Что касается Ренье, то он был примером того, как физическая сила предков становится силою интеллекта и отлагается в извилинах мозга.

В этом молодом и в то же время злобном хищнике кипела какая-то всесокрушающая энергия.

— Я — как винный осадок на дне старой бочки, — говорил он сам про себя.

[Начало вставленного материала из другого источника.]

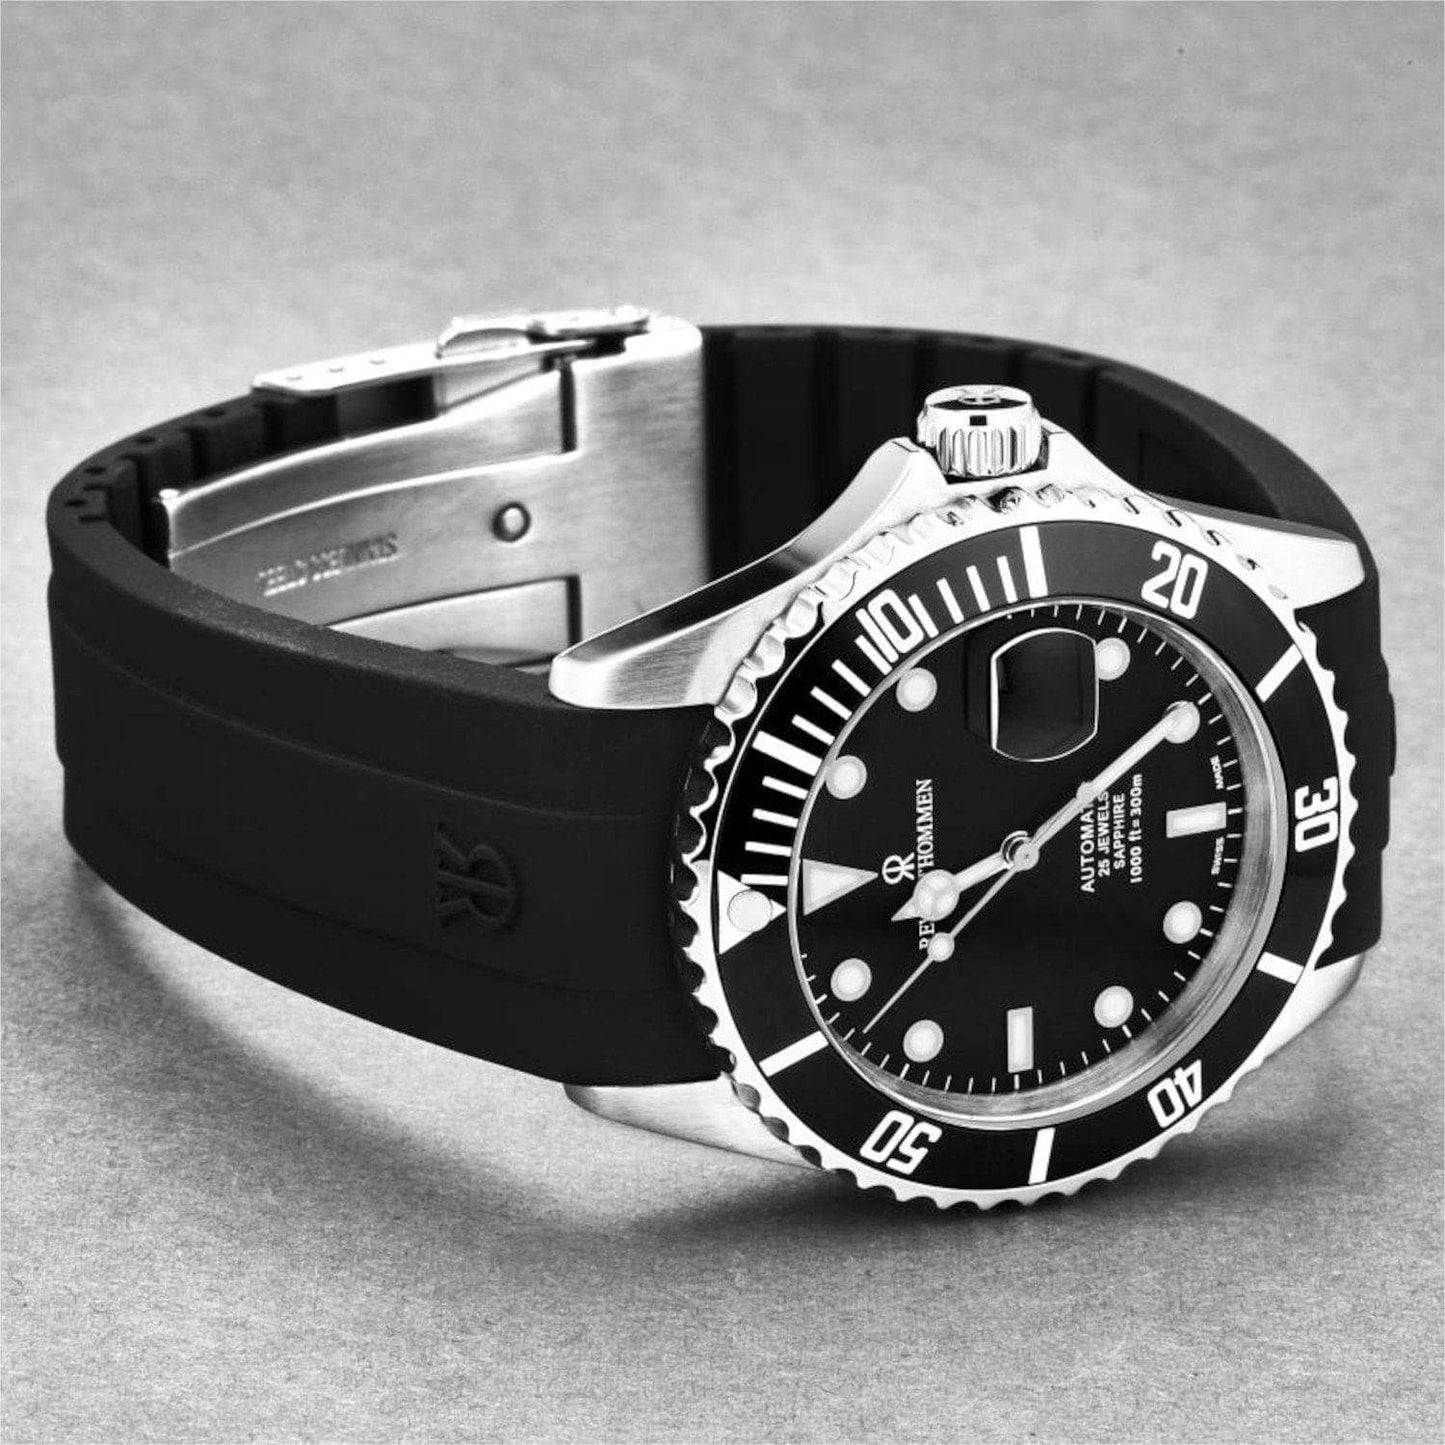 Revue Thommen 17571.2837 Men's 'Diver' Black Dial Rubber Strap Swiss Automatic Watch

Временами он предавался разгулу с такой исступленностью, которой не выдержал бы и бык. Он примкнул к веселой компании молодых кутил. Это были сынки богатых родителей; они проматывали отцовские состояния и перекладывали доставшееся им наследство в карманы ростовщиков. Завсегдатаи ночных ресторанов, они зазывали туда проституток, избивали на улице запоздалых прохожих. Именно Ренье пришло в голову как-то раз после костюмированного бала привезти в один из своих коттеджей десять женщин, десять жалких уличных красоток, разодетых в пестрые лоскутья и полупьяных. Этих хилых кукол, предназначенных удовлетворять плоть пресытившихся, сладострастных буржуа, накормили и напоили до беспамятства и раздели потом донага… Кончилось тем, что девок этих совершенно голыми выбросили на улицу, где на рассвете их сразу же подобрала полиция. Это он во время одной из ночных оргий проповедовал нелепое учение Мальтуса и учредил клуб, целью которого было дать возможность забеременеть всем девушкам, которые этого хотели. Идея его заключалась в том, чтобы люди до того размножились, что были бы вынуждены поедать друг друга. «Будем производить на свет детей, будем умножать бесчинства и преступления, с тем чтобы люди превратились в тигров и в волков, чтобы им стало тесно на земле и мир погиб. Тогда все изменится; братья, устав от споров из-за травинки, которой им все равно не прокормиться, изголодавшиеся, превратившиеся в кровожадных зверей, уничтожат друг друга. А так как истинное счастье заключается в небытии, то в этот день всем бедствиям людей настанет конец».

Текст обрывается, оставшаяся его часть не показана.